§ **Try it**
At the line containing "time is too", begin an exact copy, and continue through the last line of the entries below. Leave out any pictures.

Start of Supplied data

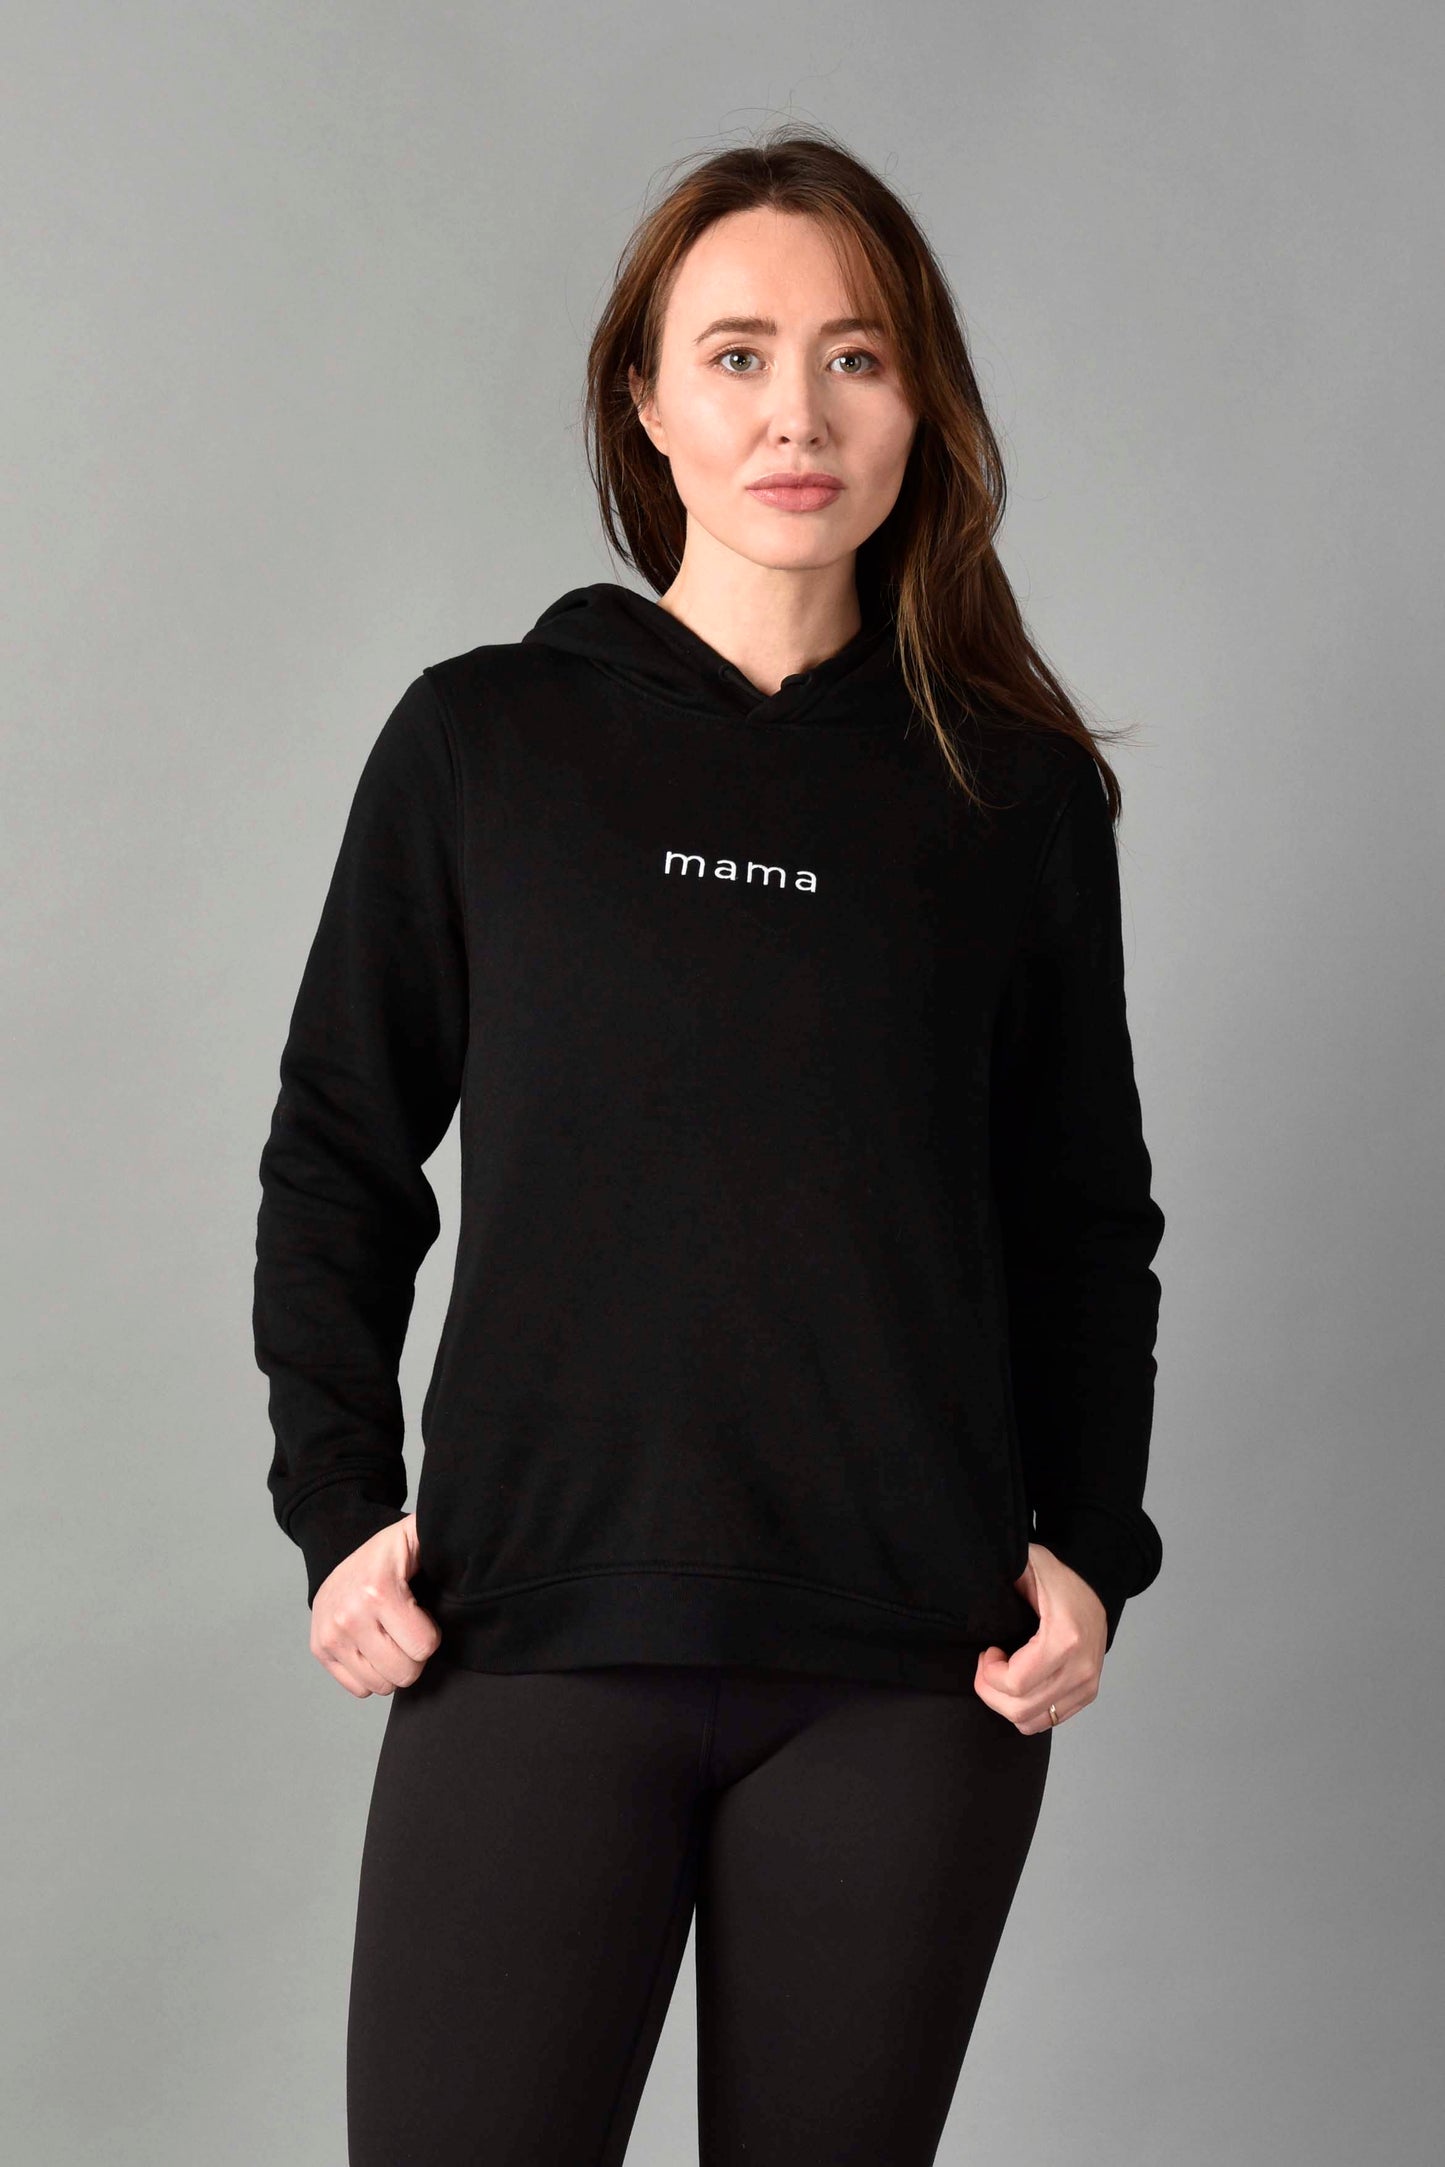 WEAR LOVE MORE Mama Sweatshirt.  Mama Hoodie in Organic Cotton.  Organic Cotton Sweatshirt with Embroidered Mama.  Family Match Hoodie Style in Black with White Embroidered Mama.
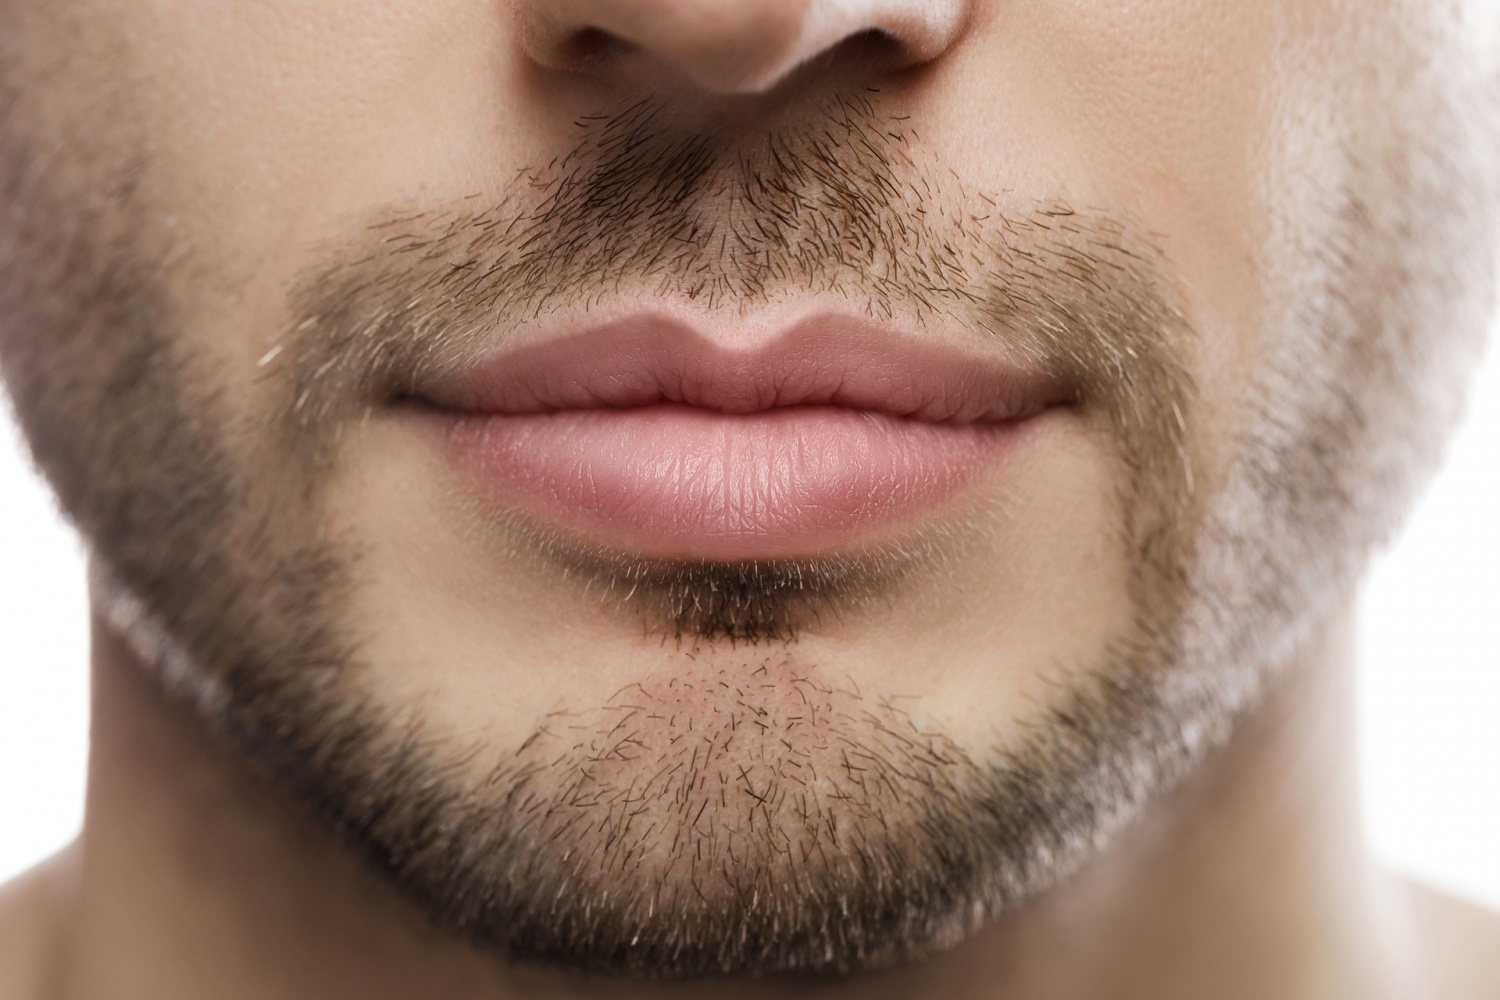 Get the 3-Day Stubble Beard Look With These Simple Steps
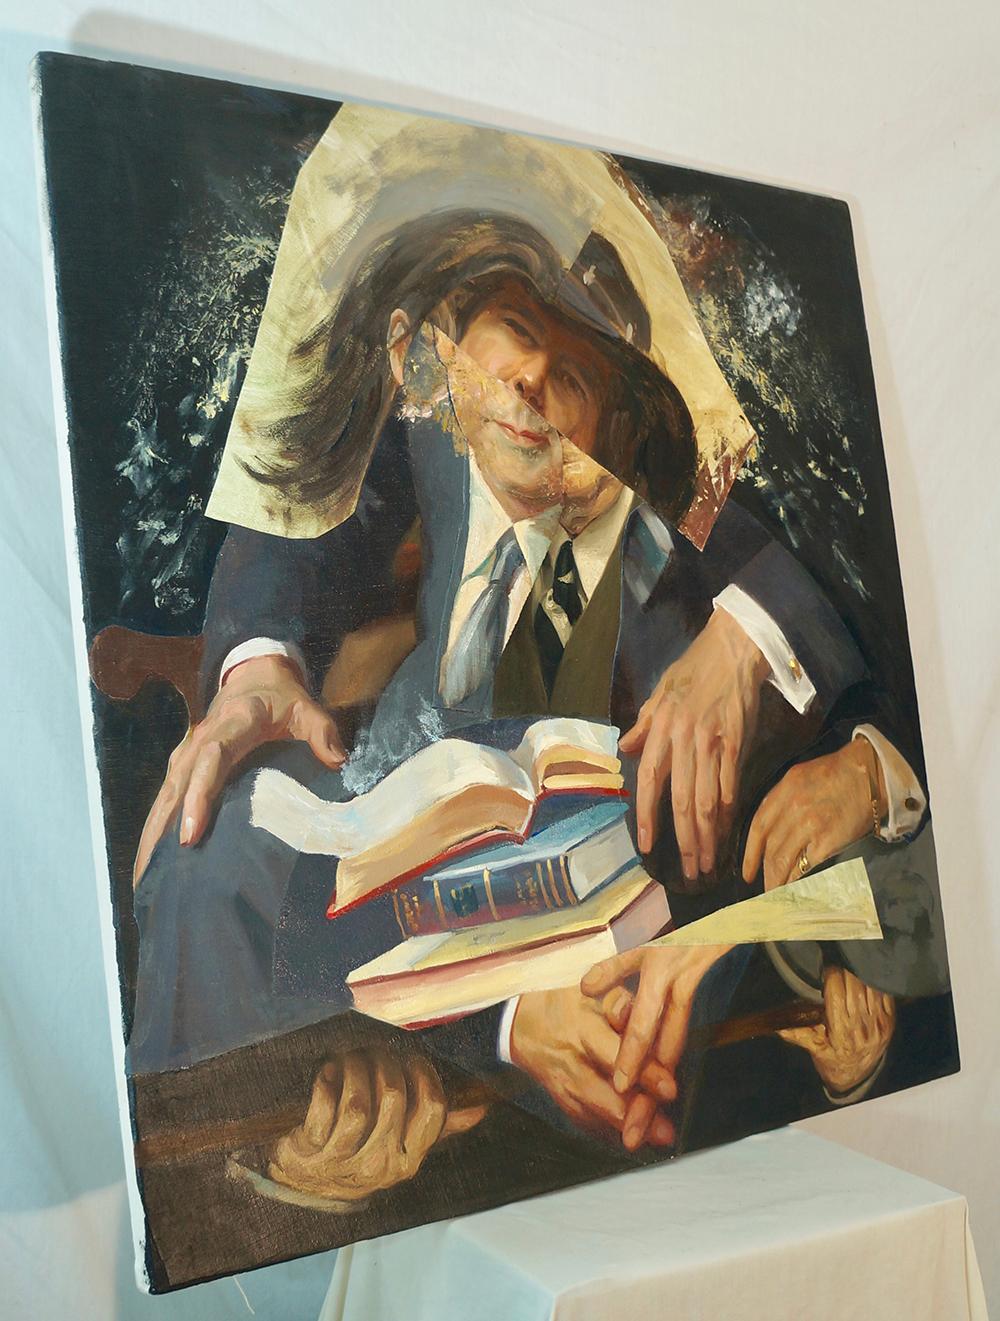 John Baker’s “Cramming for the Exam” is an acrylic portrait painting on canvas with collage 30 inches by 30 inches in dark blues and straw yellows. Although sparks of understanding flicker and fall behind the head of the hapless student, time is too
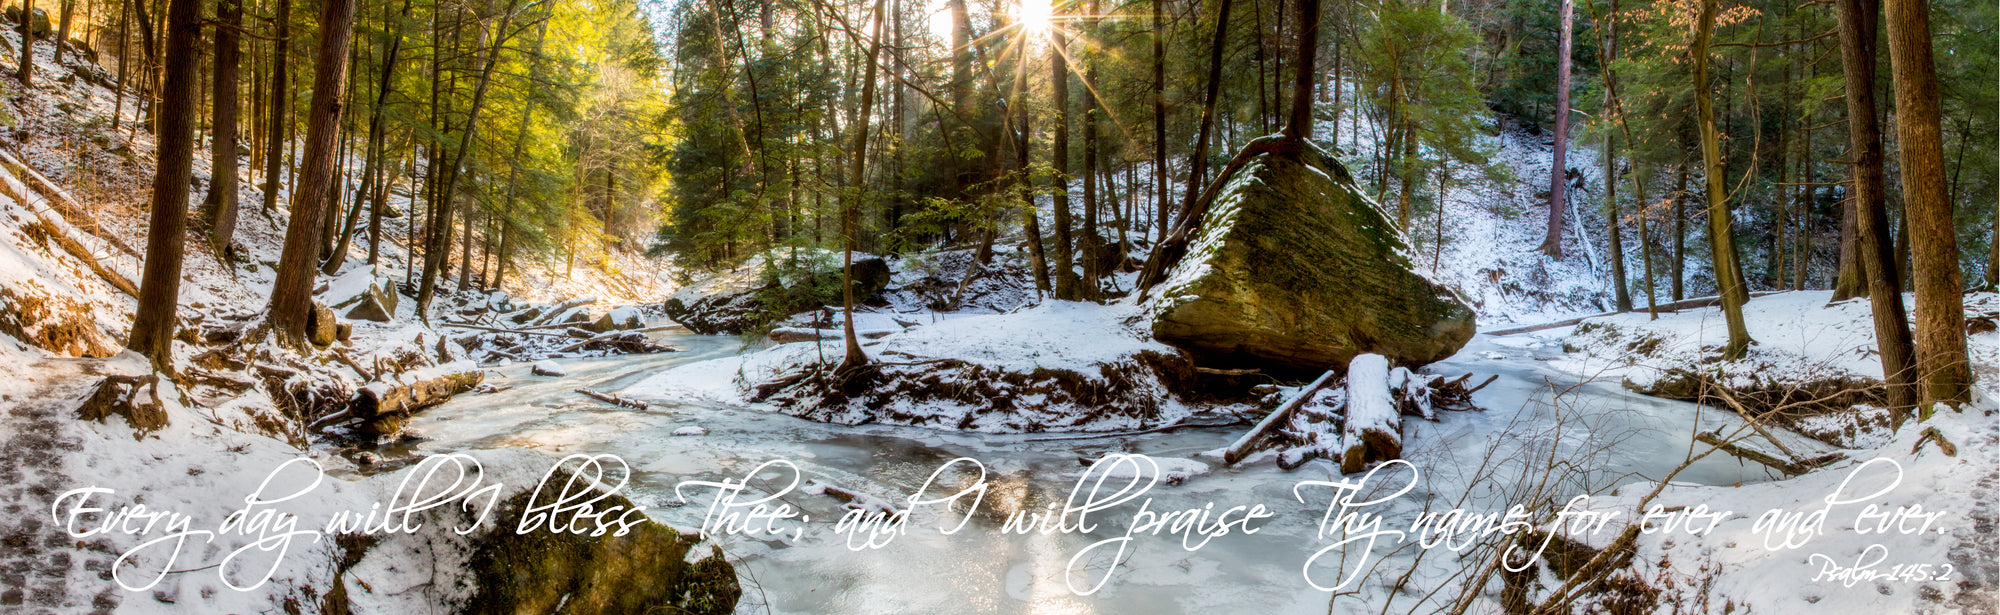 Panorama of stream through woods in winter at Old Man's Cave, Ohio with scripture verse
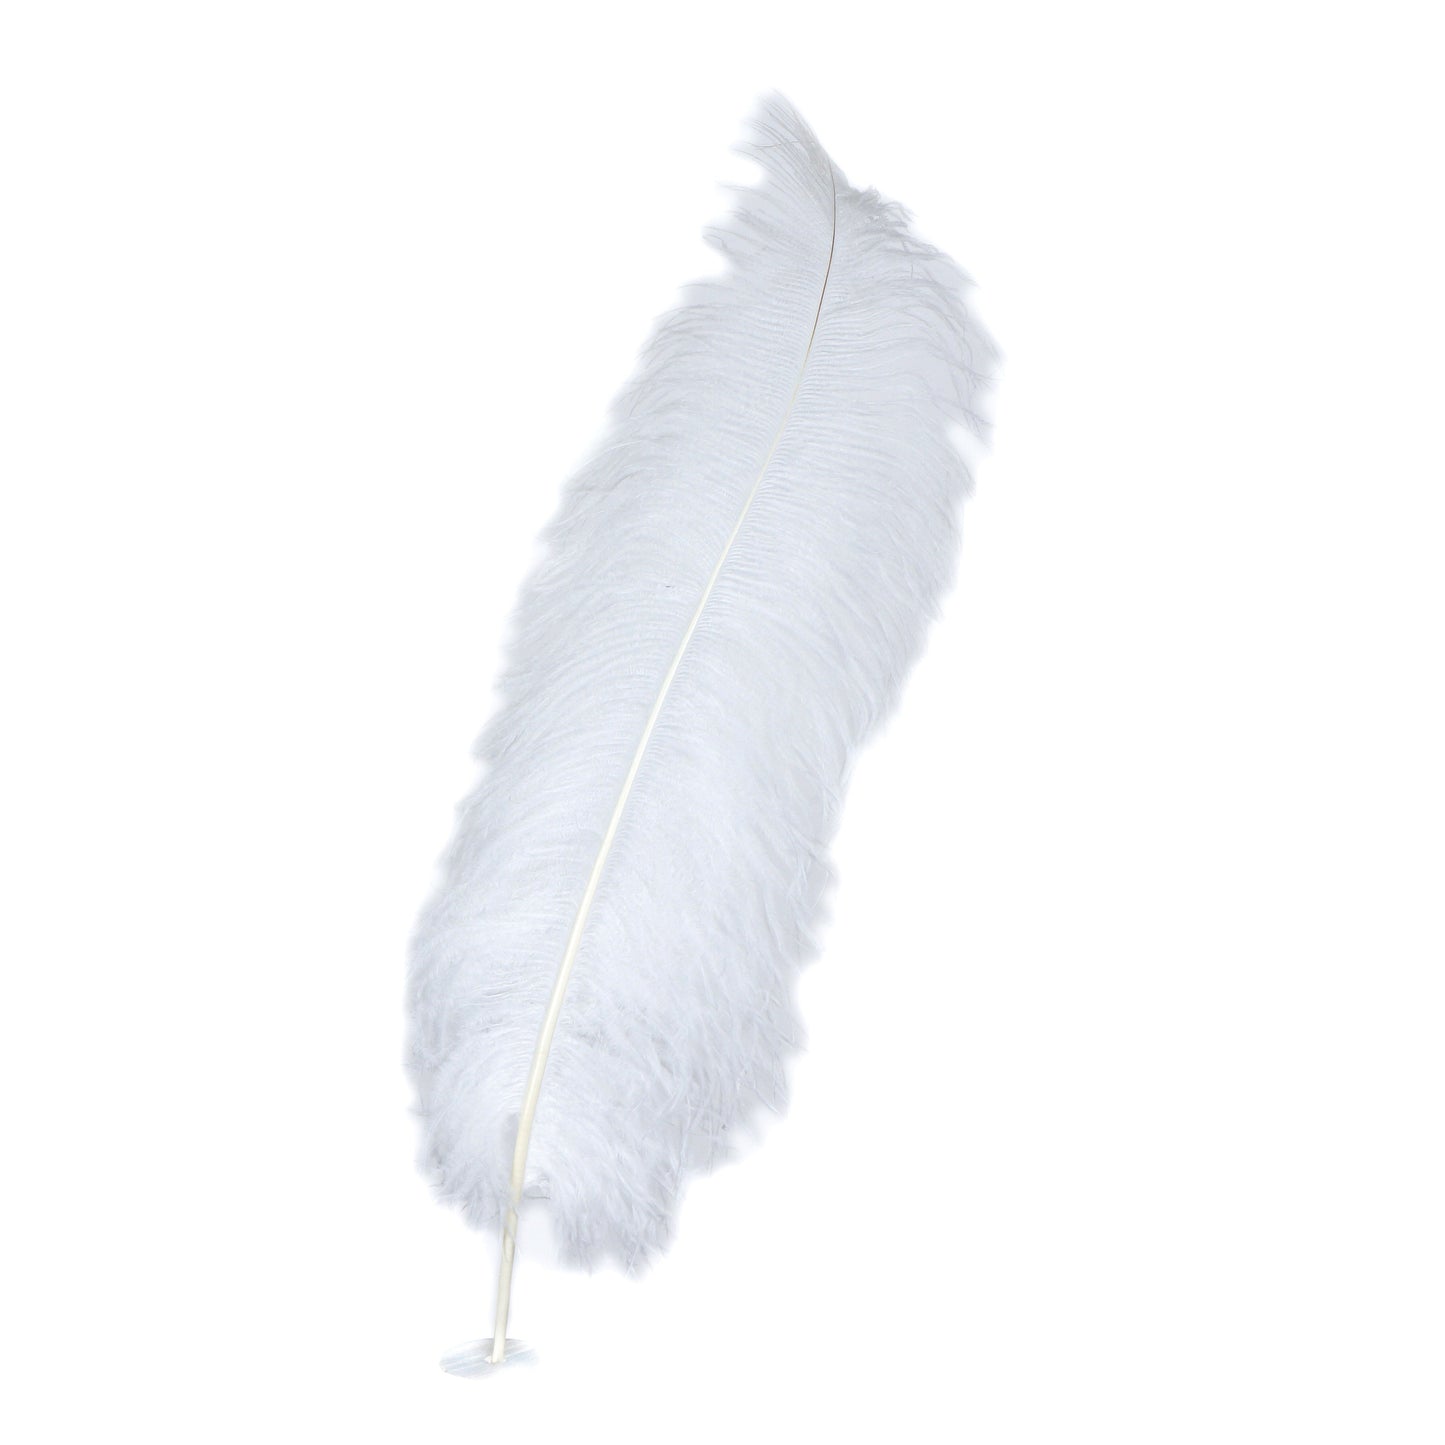 Large Ostrich Feathers - 18-24" Spads - White

End of Supplied data

§ **Task answer**
 John Baker’s “Cramming for the Exam” is an acrylic portrait painting on canvas with collage 30 inches by 30 inches in dark blues and straw yellows. Although sparks of understanding flicker and fall behind the head of the hapless student, time is too
 Panorama of stream through woods in winter at Old Man's Cave, Ohio with scripture verse
 Large Ostrich Feathers - 18-24" Spads - White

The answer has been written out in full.